The Werewolf and the Haunted House – 5



170px-horseshoe_lucky_on_door

David

It occurs to me, as I cover Elizabeth with my jacket, that I’m an idiot. I should have tried to make it to the car, to see if there really is a barrier. I know I walked up to the house with no problem. Maybe whatever stopped her from leaving wouldn’t have stopped me.

But that would have left her alone, defenseless, in this shack. Unless I took her with me, and that would have slowed me down.

Elizabeth groans, and I put a hand on her shoulder. She’s burning up. I feel that even through the fleece. Then she shivers and tries to pull off the jacket. I grab her hand to stop her. Her skin is clammy. I want to check the bandage I put on her, but she’s passed out again. Better to let her alone. The bandage isn’t much, just my folded-up undershirt pressed to the wound with our boot laces wrapped around it and tied tightly, but doing something, not matter how useless, made me feel better.

I get to my feet. We’ve been huddled on the dirt floor for maybe an hour, and it’s cold and my body is stiff. Merllyn Sanger hasn’t tried to chop his way in. He might be swinging from his front porch for all I know.

I peer through a gap in the weatherbeaten boards that form the walls of this place. No sign of Sanger. It seems like it’s getting lighter outside. Or maybe it’s not. It seems like it is, then I blink and it’s back to dark again. I’m not completely confident that we’ve even been in here for an hour. Usually I’m pretty good at estimating time, but here . . . it’s like waiting in the doctor’s office with no phone or magazines.

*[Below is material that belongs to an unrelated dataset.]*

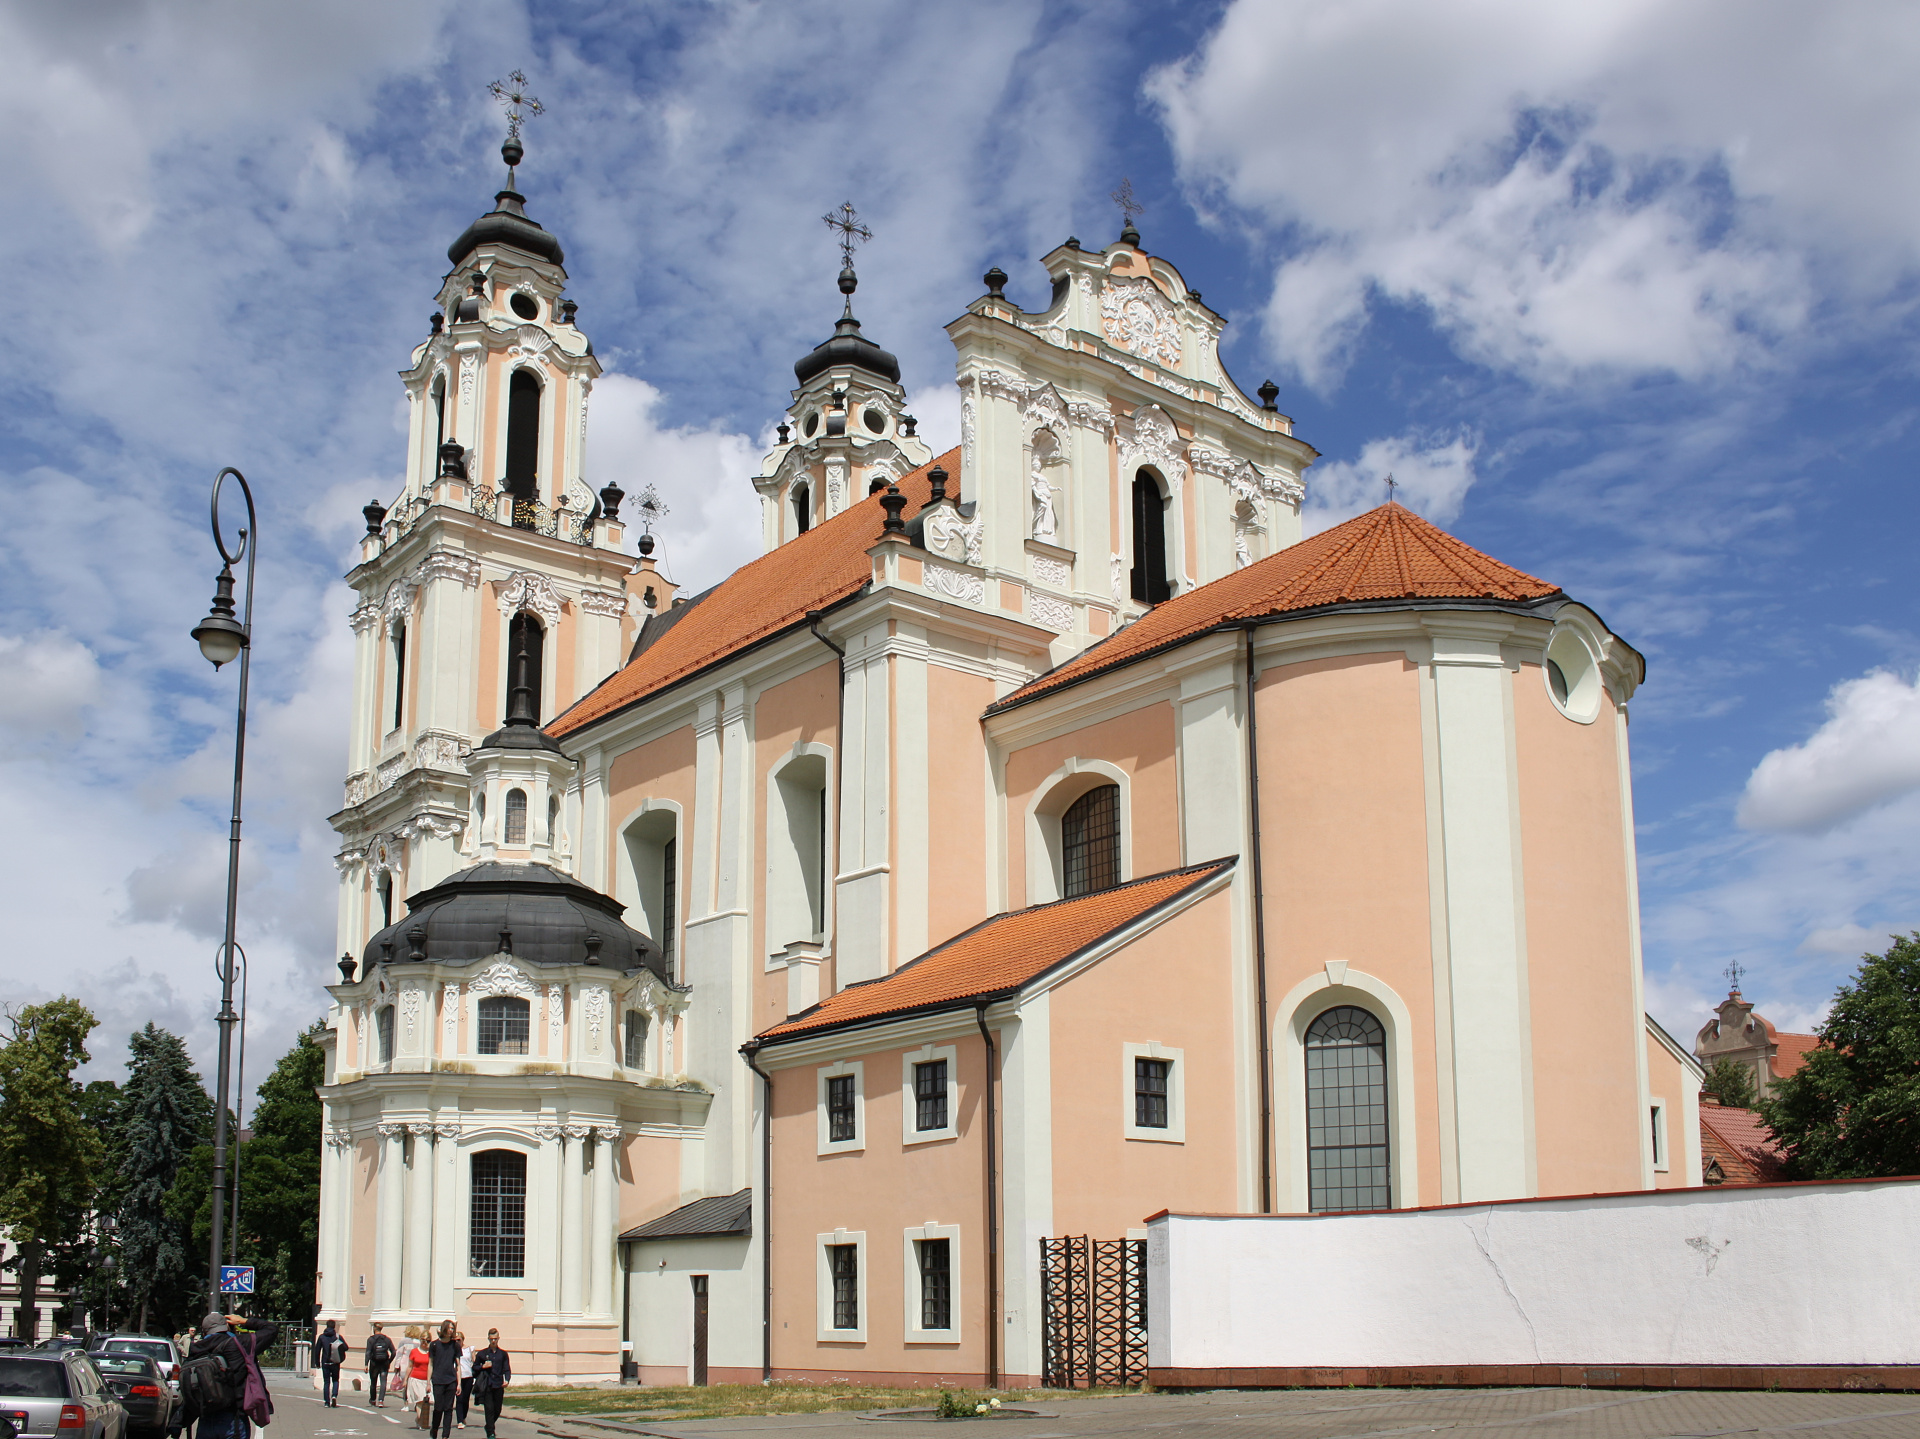 Šv. Kotrynos bažnyčia - St. Catherine's Church (Travels » Vilnius » Churches)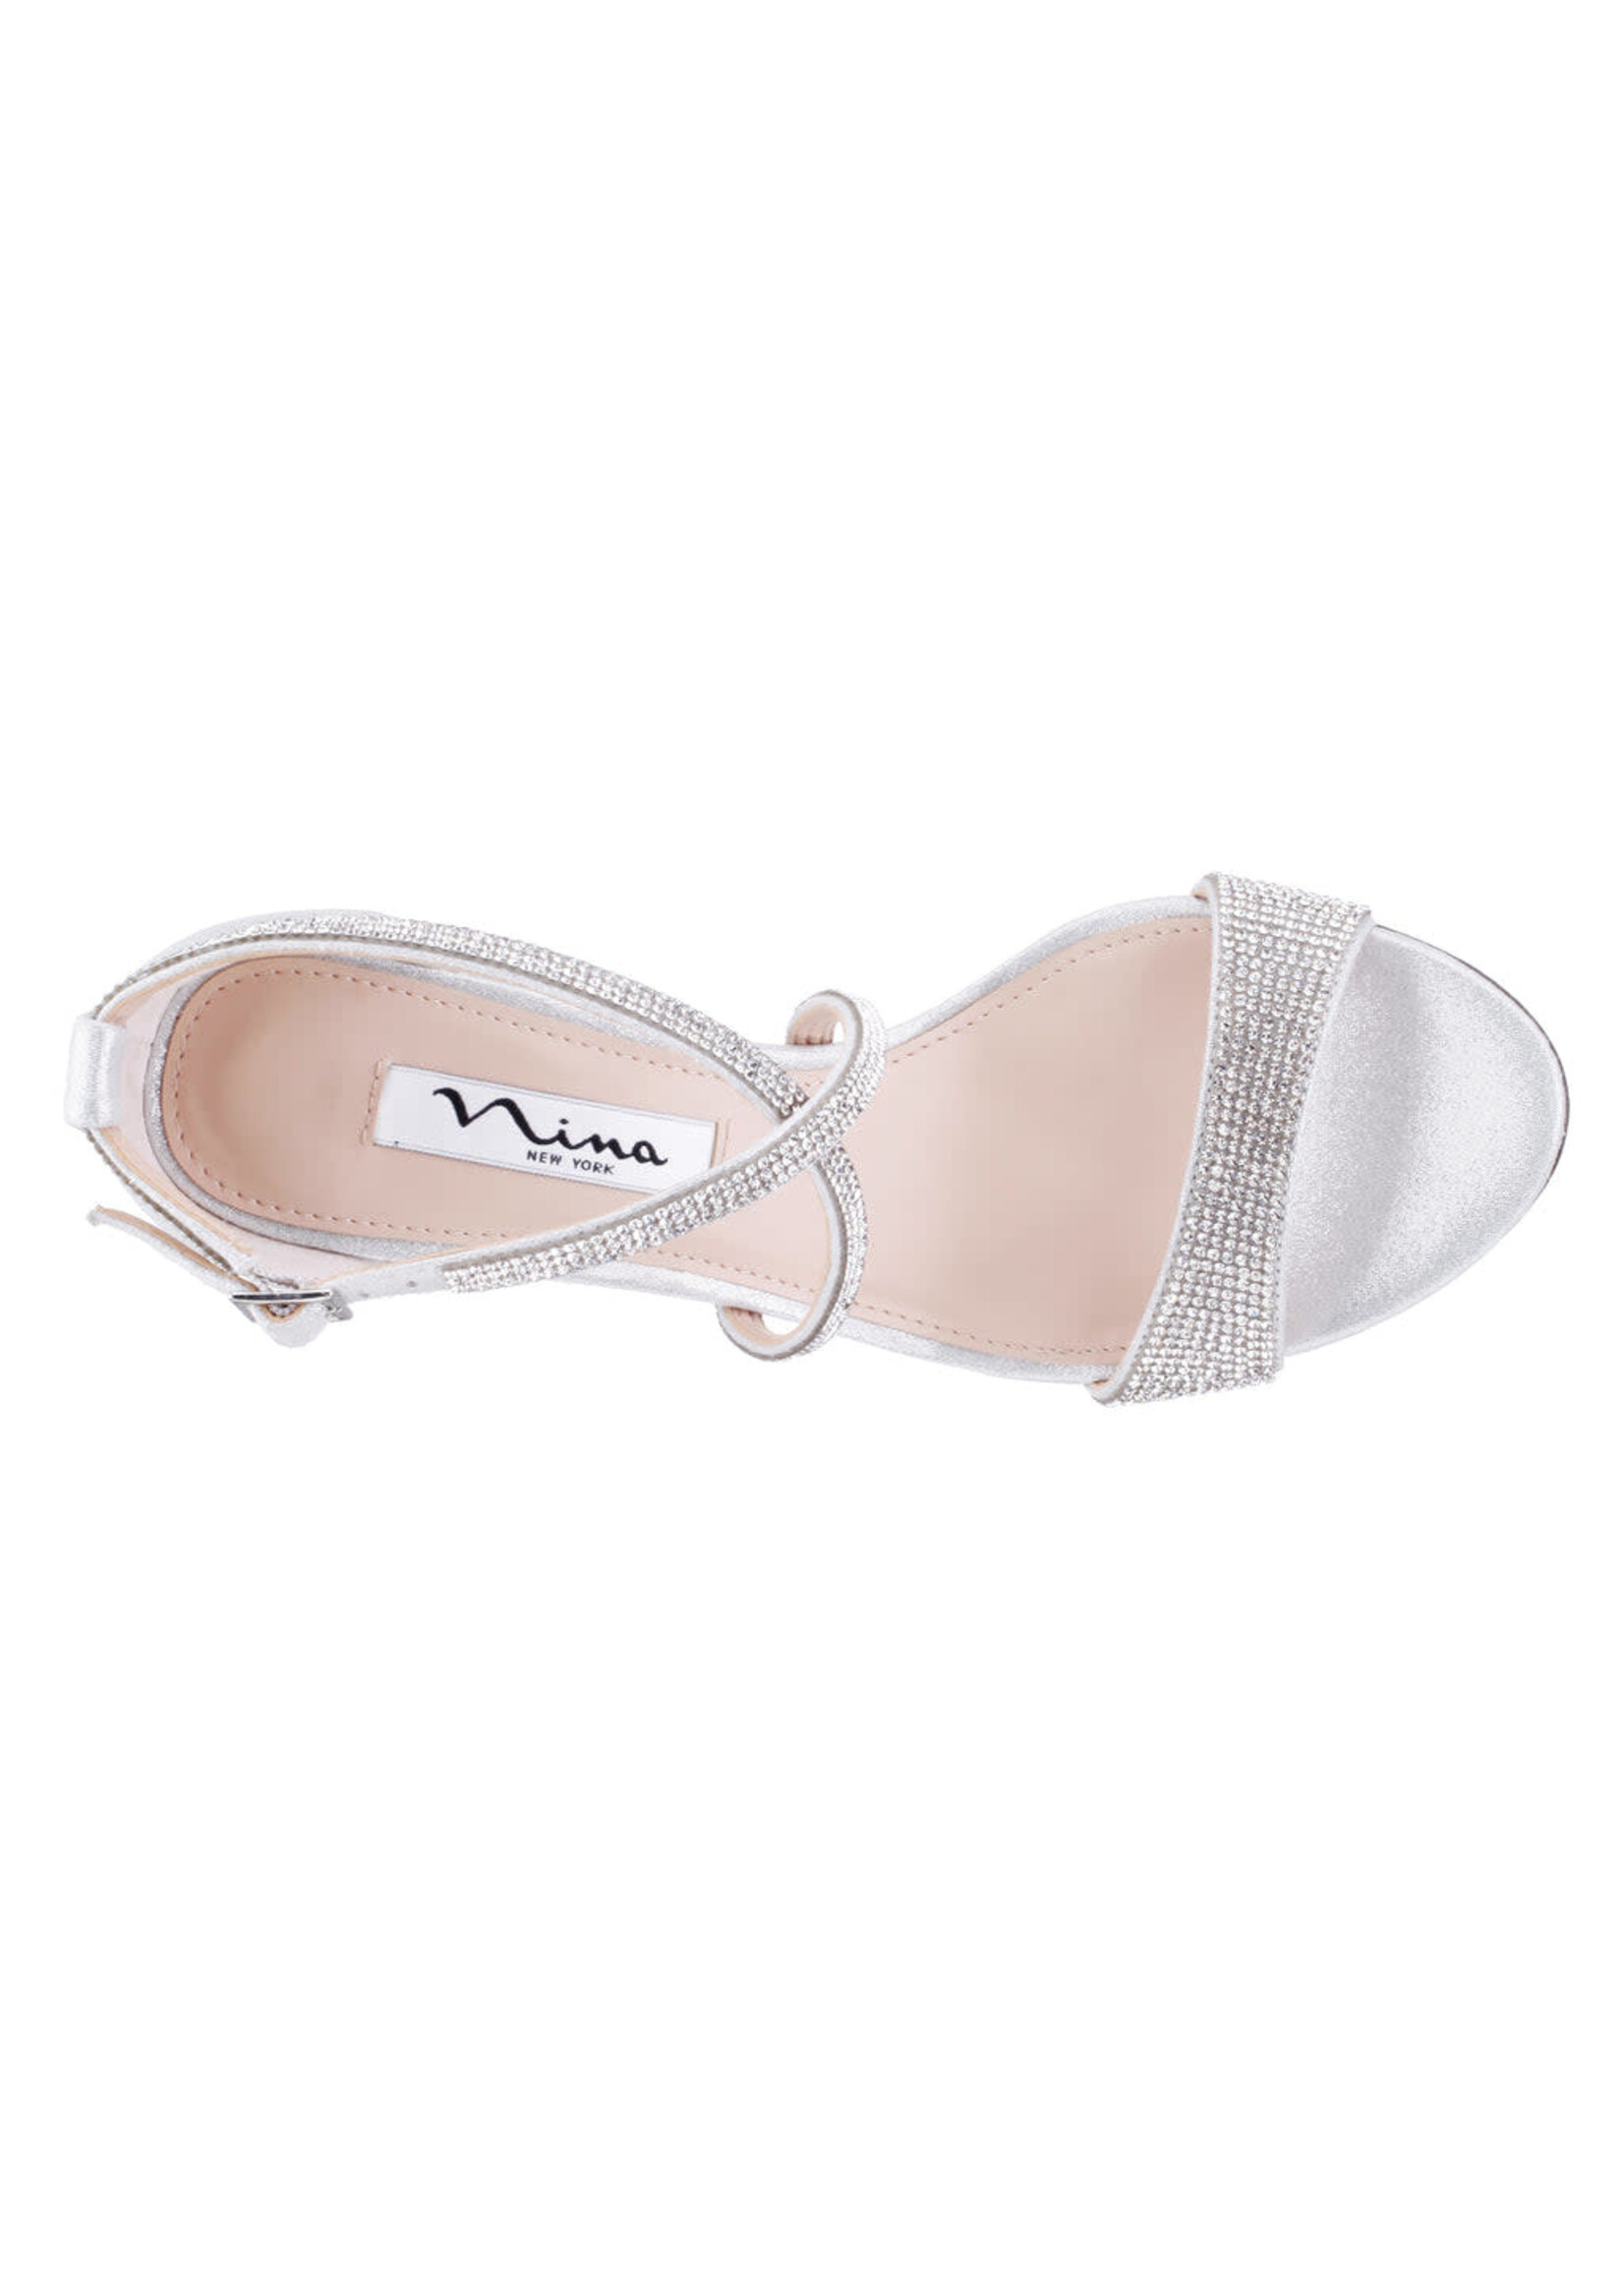 Nina Footwear Henesi True Silver Reflective by Nina Footwear

I turn to see Sanger is now within arm’s reach of me. He has the ax raised above his head. Our eyes lock. Then he grins and brings it down.

I throw myself back against the wall. The boards creak in protest. The ax blade thuds into the dirt about an inch away from my left foot. I grab the expandable baton from my belt. Elizabeth hadn’t packed hers; she thought it was overkill. I flick the baton open and pivot my right side toward Sanger. He hefts the ax. I backhand him with the baton, right in the jaw. His head whips to the side and he staggers, but doesn’t fall. I’m disappointed–and disturbed–to see a lack of blood or missing teeth when he turns his head to me again. So I slug him in the face again.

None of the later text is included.